### Excerpted data
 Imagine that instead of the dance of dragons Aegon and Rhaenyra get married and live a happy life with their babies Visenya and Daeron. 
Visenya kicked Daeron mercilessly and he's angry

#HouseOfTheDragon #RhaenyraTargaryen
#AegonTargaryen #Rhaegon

--

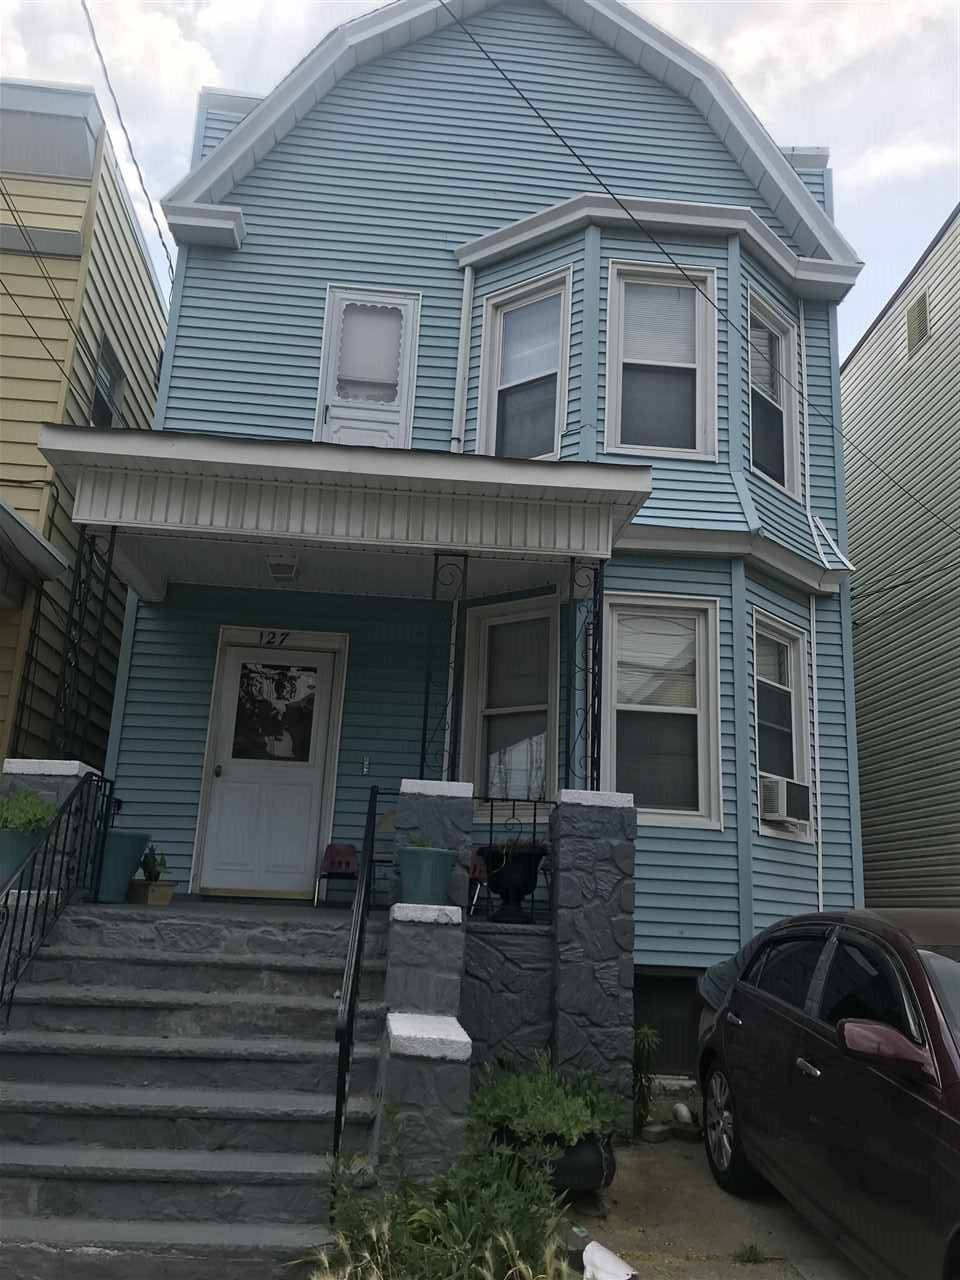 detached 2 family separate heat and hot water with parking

### Work task
Go back to the listing above. Copy word for word the lines from the one with "Visenya kicked Daeron" through the one with "#AegonTargaryen #Rhaegon", and nothing more.

### Answer
Visenya kicked Daeron mercilessly and he's angry

#HouseOfTheDragon #RhaenyraTargaryen
#AegonTargaryen #Rhaegon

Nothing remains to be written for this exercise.